Fab fragment of the chimeric human-murine monoclonal antibody 7E3. Abciximab binds to the glycoprotein (GP) IIb/IIIa receptor of human platelets and inhibits platelet aggregation by preventing the binding of fibrinogen, von Willebrand factor and other adhesive molecules.
BrandsReoPro
CategoriesAnticoagulants
Antiplatelet Agents
PackagersCentocor Ortho Biotech Inc.
Eli Lilly & Co.
Hospira Inc.
JHP Pharmaceuticals LLC
Synonyms7E3 antibody
antiGPIIBIIIa
c7E3
ReoPro

indication

Abciximab is indicated as an adjunct to percutaneous coronary intervention for the prevention of cardiac ischemic complications in patients undergoing percutaneous coronary intervention and in patients with unstable angina not responding to conventional medical therapy when percutaneous coronary intervention is planned within 24 hours. Abciximab is intended for use with aspirin and heparin and has been studied only in that setting.

pharmacology

Abciximab inhibits platelet aggregation by preventing the binding of fibrinogen, von Willebrand factor, and other adhesive molecules to GPIIb/IIIa receptor sites on activated platelets. GPIIb/IIIa is the major surface receptor involved in the final pathway of platelet aggregation. Abciximab is thought to proclude GPIIb/IIIa substrate binding via steric hindrance and/or conformational effects rather than by direct interaction with the arginine-glycine-aspartic acid binding site of the receptor.

mechanism of action

Abciximab binds to the intact platelet GPIIb/IIIa receptor, which is a member of the integrin family of adhesion receptors and the major platelet surface receptor involved in platelet aggregation. This binding is thought to involve steric hindrance and/or conformational alterations which block access of large molecules to the receptor rather than direct interaction with the RGD (arginine-glycine-aspartic acid) binding site of GPIIb/IIIa.

biotransformation

Most likely removed by opsonization via the reticuloendothelial system when bound to platelets, or by human antimurine antibody production. Excreted renally.

half life

10-30 min

drug interactions

Ginkgo biloba: Additive anticoagulant/antiplatelet effects may increase bleed risk. Concomitant therapy should be avoided.

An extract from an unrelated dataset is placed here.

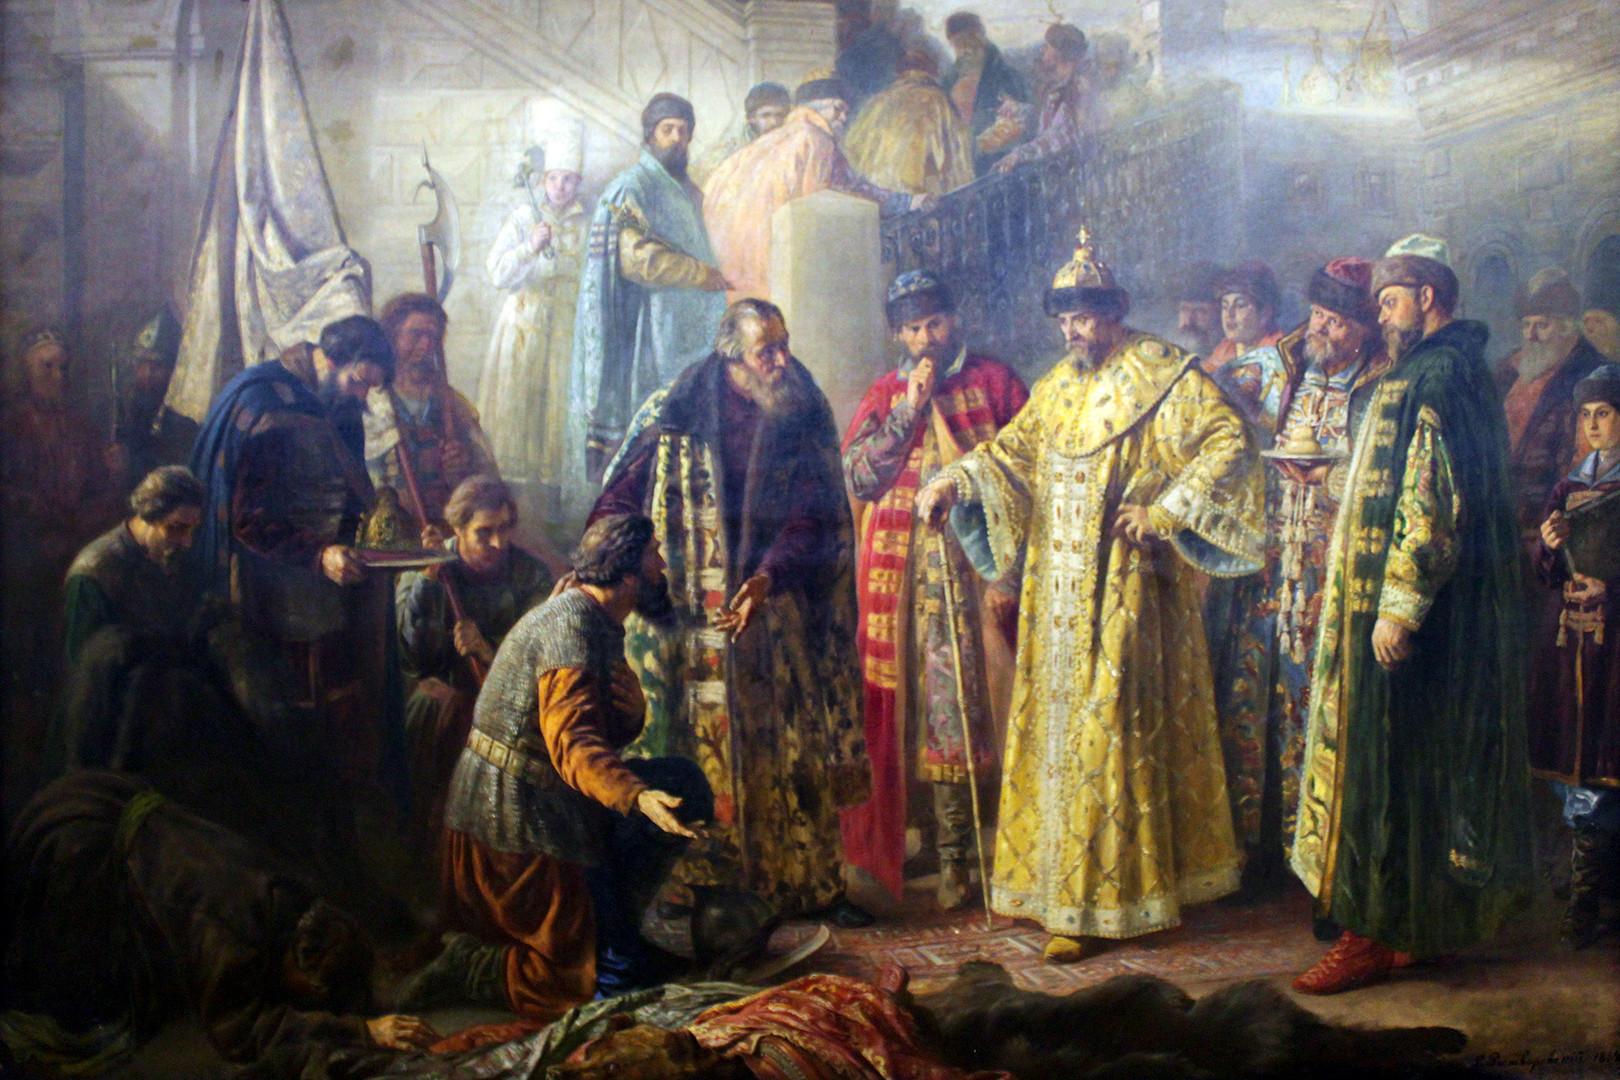 Jermaks Boten vor Ivan dem Schrecklichen

Tirofiban: Additive effects. Concomitant use is contraindicated.

Trastuzumab: Abciximab may increase the risk of a hypersensitivy reaction to Trastuzumab.

Treprostinil: The prostacyclin analogue, Treprostinil, increases the risk of bleeding when combined with the antiplatelet agent, Abciximab. Monitor for increased bleeding during concomitant thearpy.